*WHAT YOU NEED TO DO*. Nothing but the lines from the one containing "Preventa 3d illustration by CDP" through the last line of the data below should be returned, each exactly as it stands, pictures excluded.

*SUPPLIED INFORMATION*.
━━━━━━━━━━━━━━━━━━━━━━━━━━━━━━

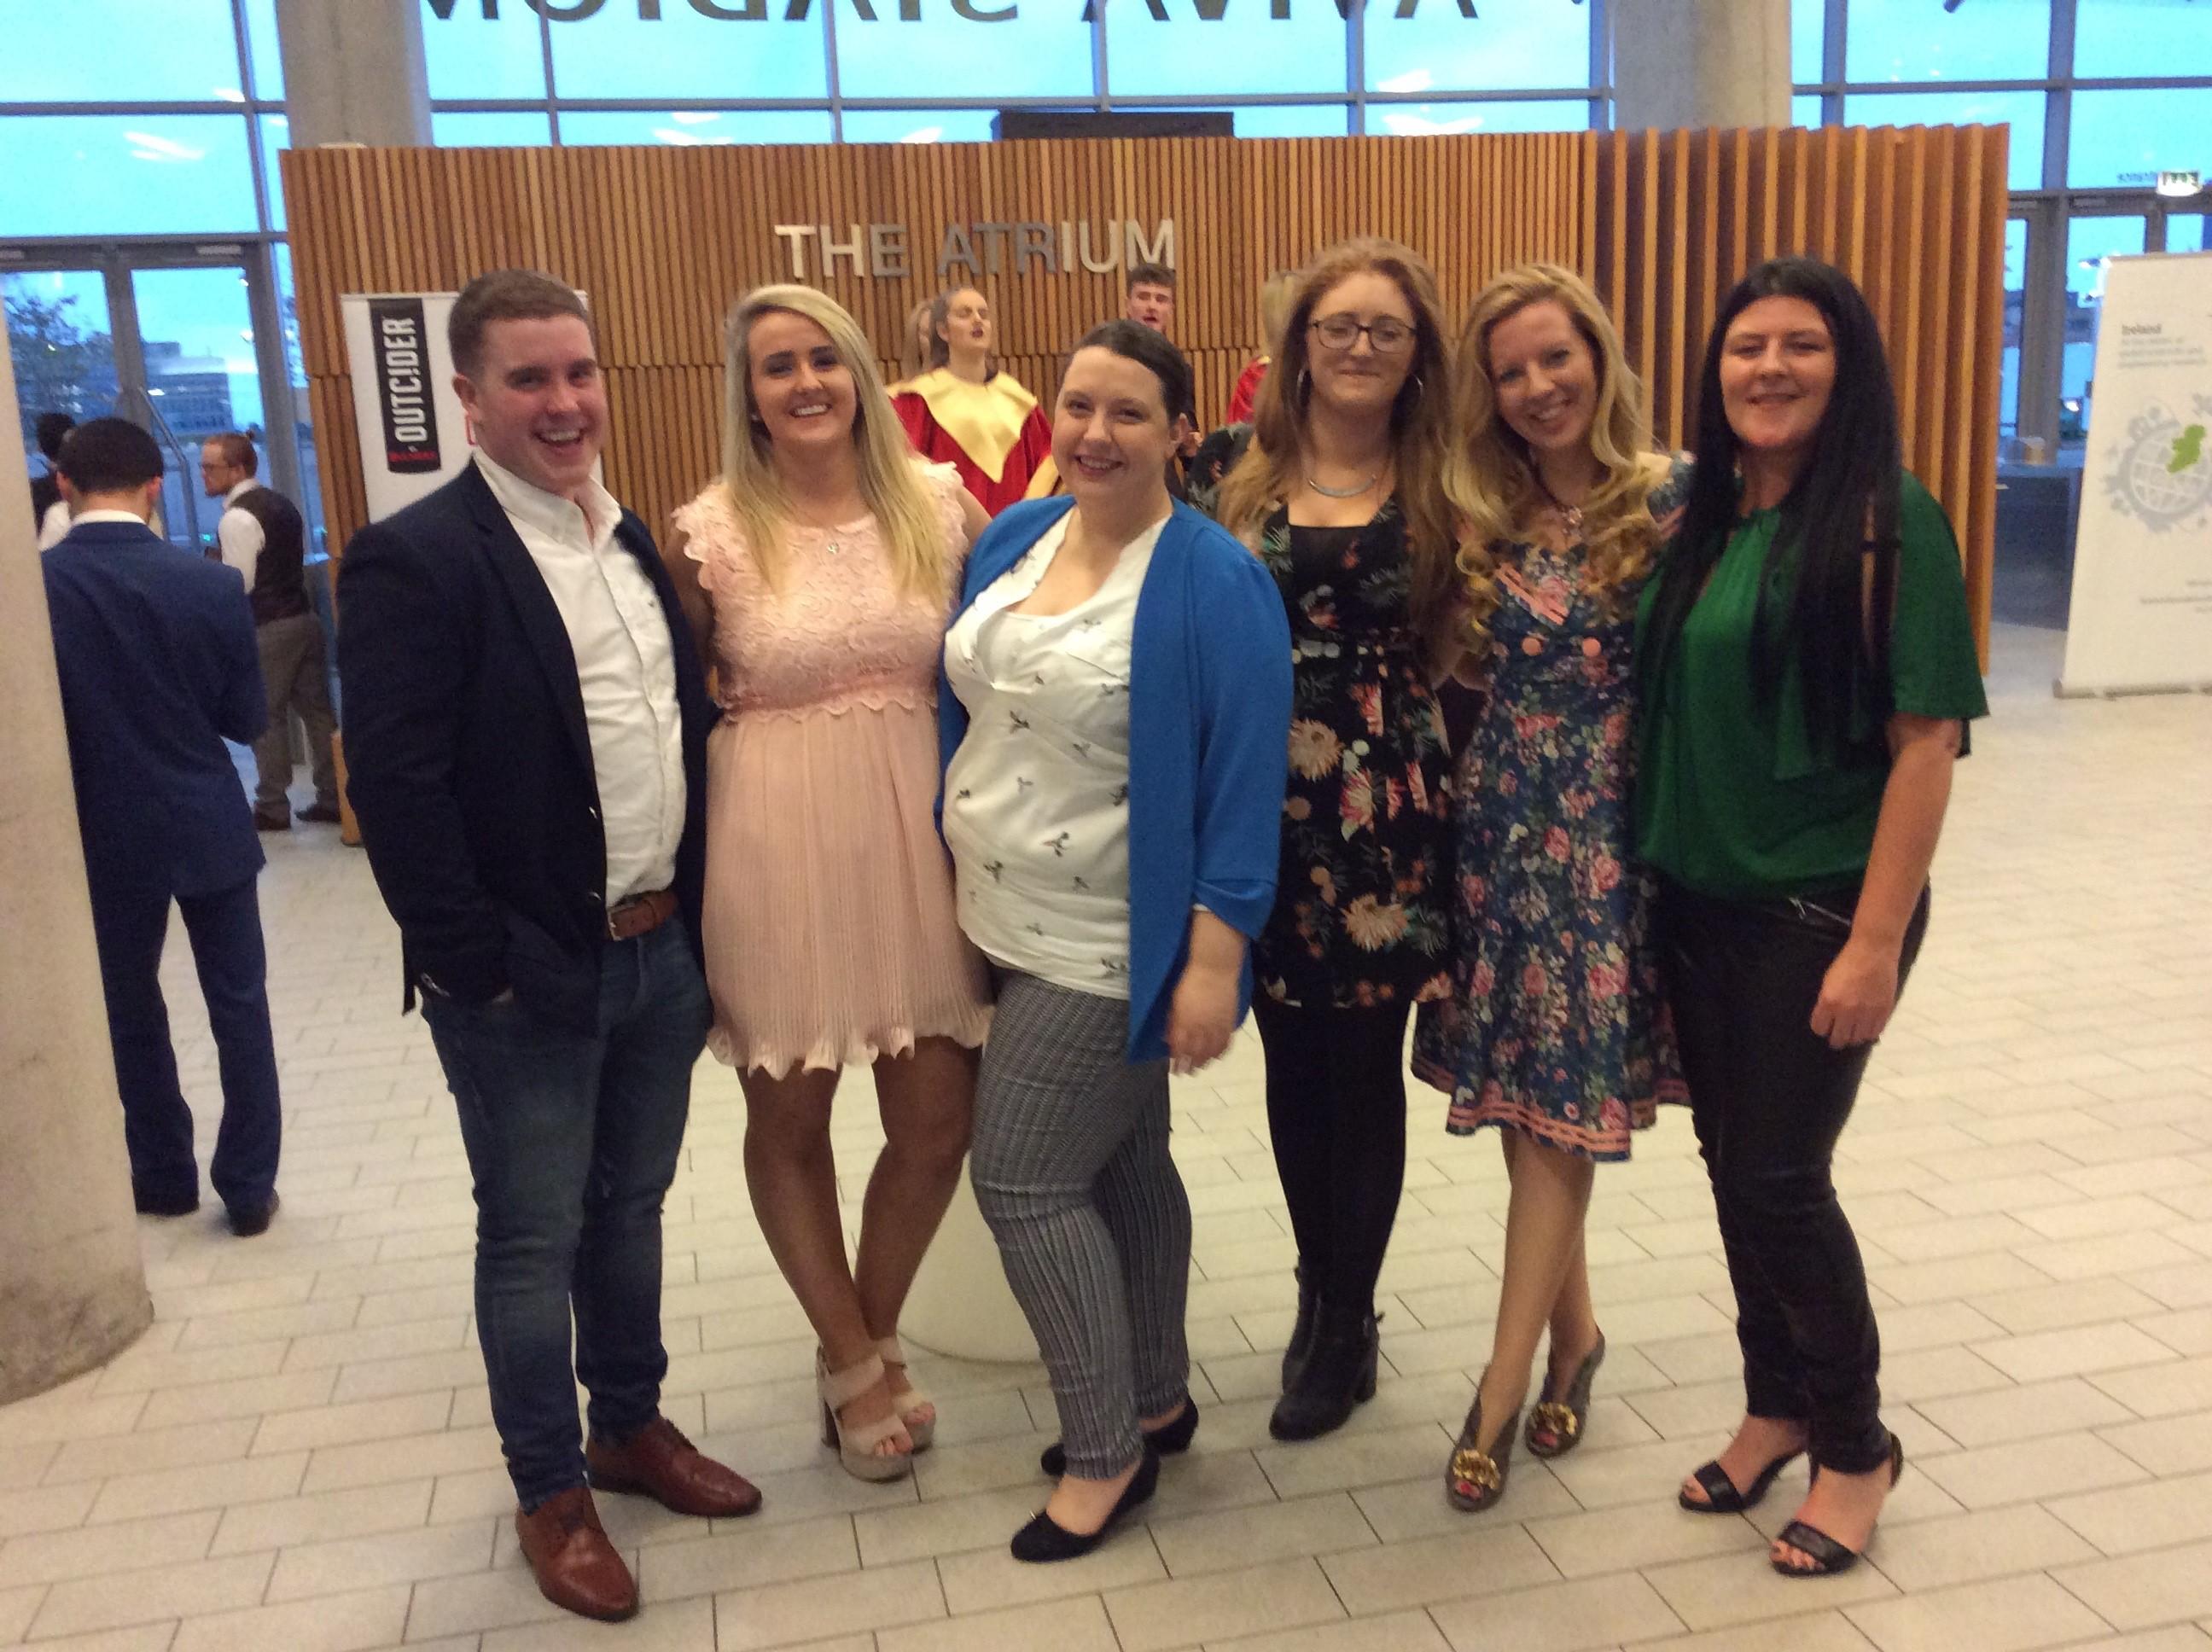 Pictured are, Cian O Hallaran, Dungarvan; Sarah McCoy, Cork; Nemeton Editor Yvonne Weaver;  Winner Ailbhe Nic Dhonncha, An Rinn; Deirdre Orme and Ciara Malone
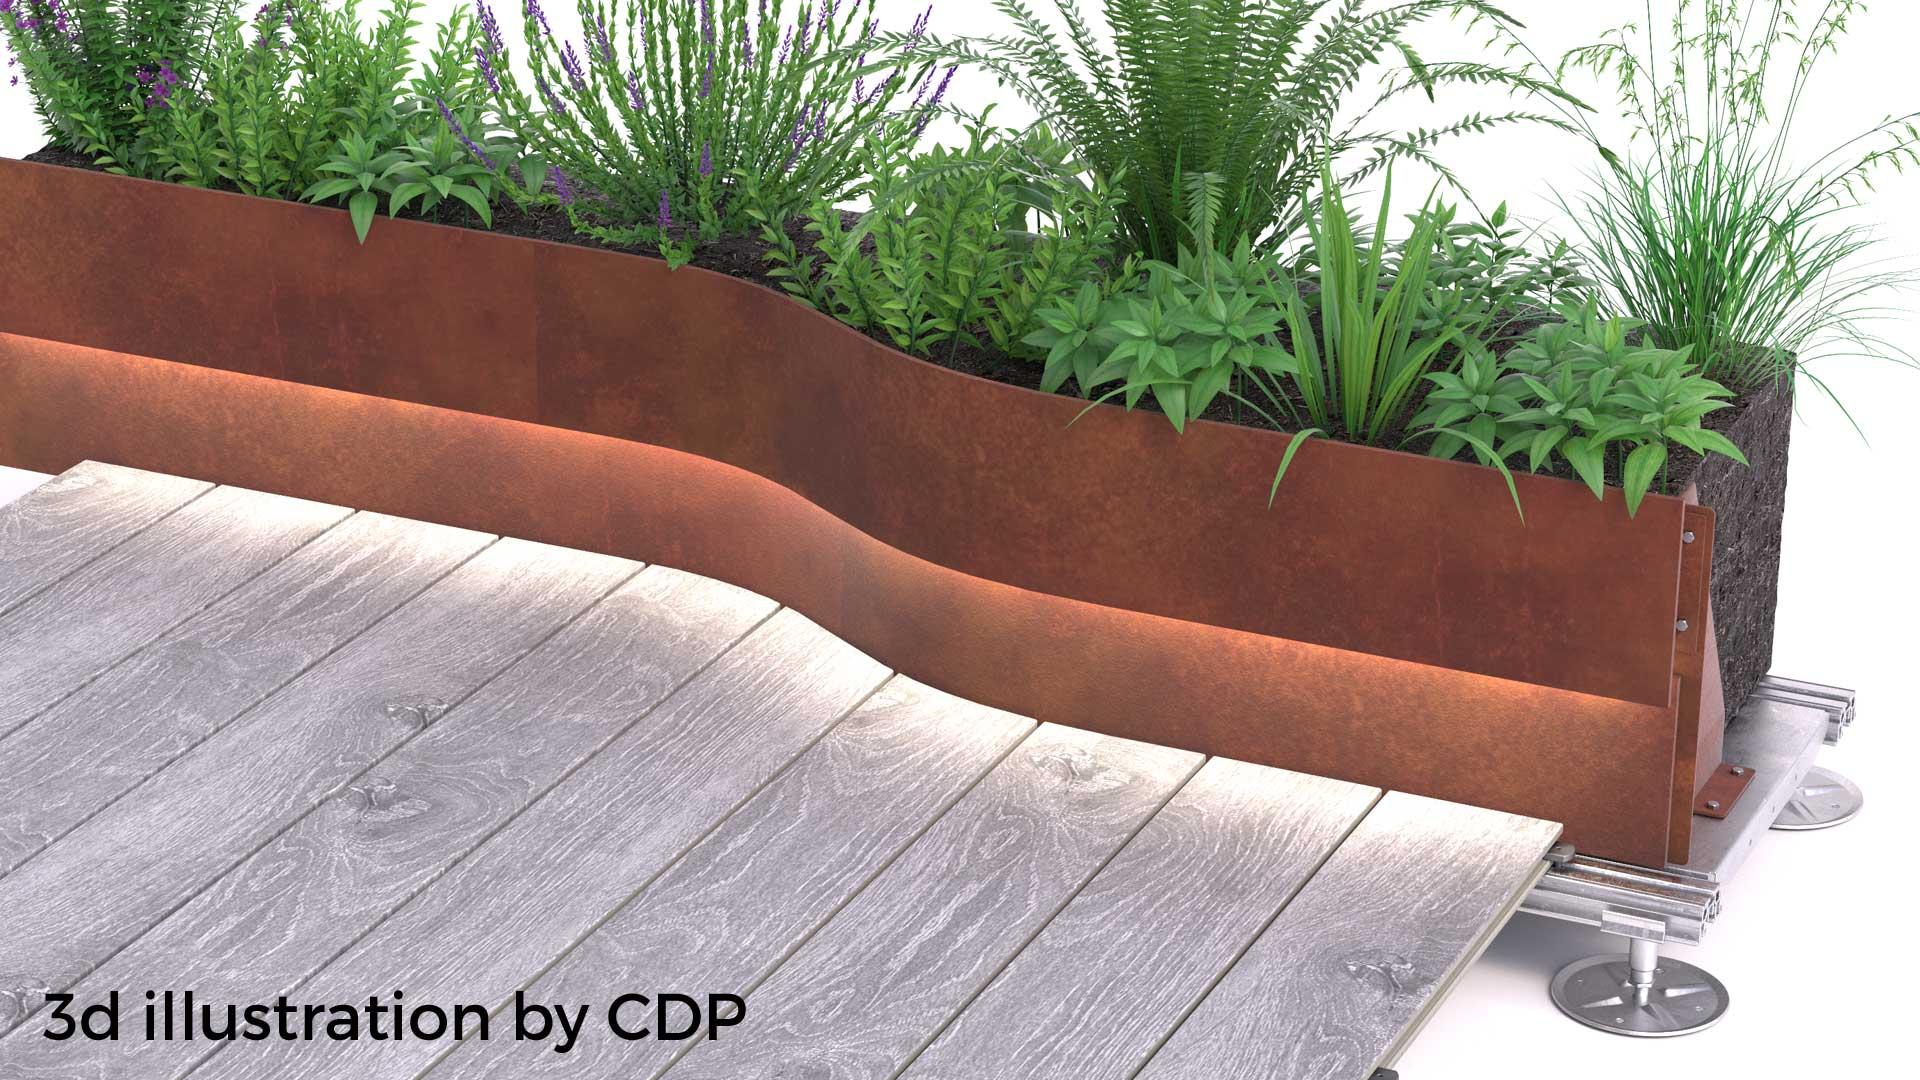 Preventa 3d illustration by CDP
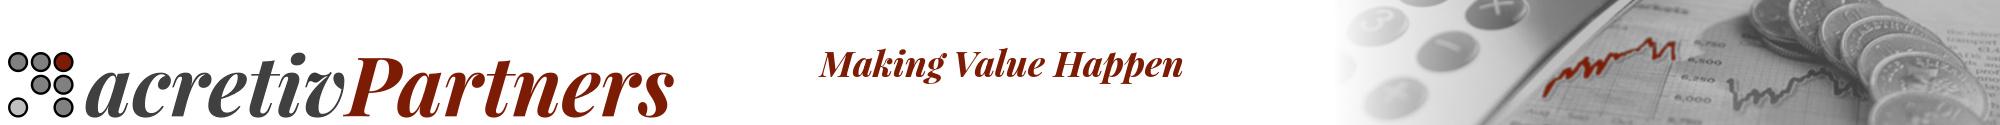 acretivPartners Consulting

━━━━━━━━━━━━━━━━━━━━━━━━━━━━━━

*SOLVED EXERCISE*.
 Preventa 3d illustration by CDP
 acretivPartners Consulting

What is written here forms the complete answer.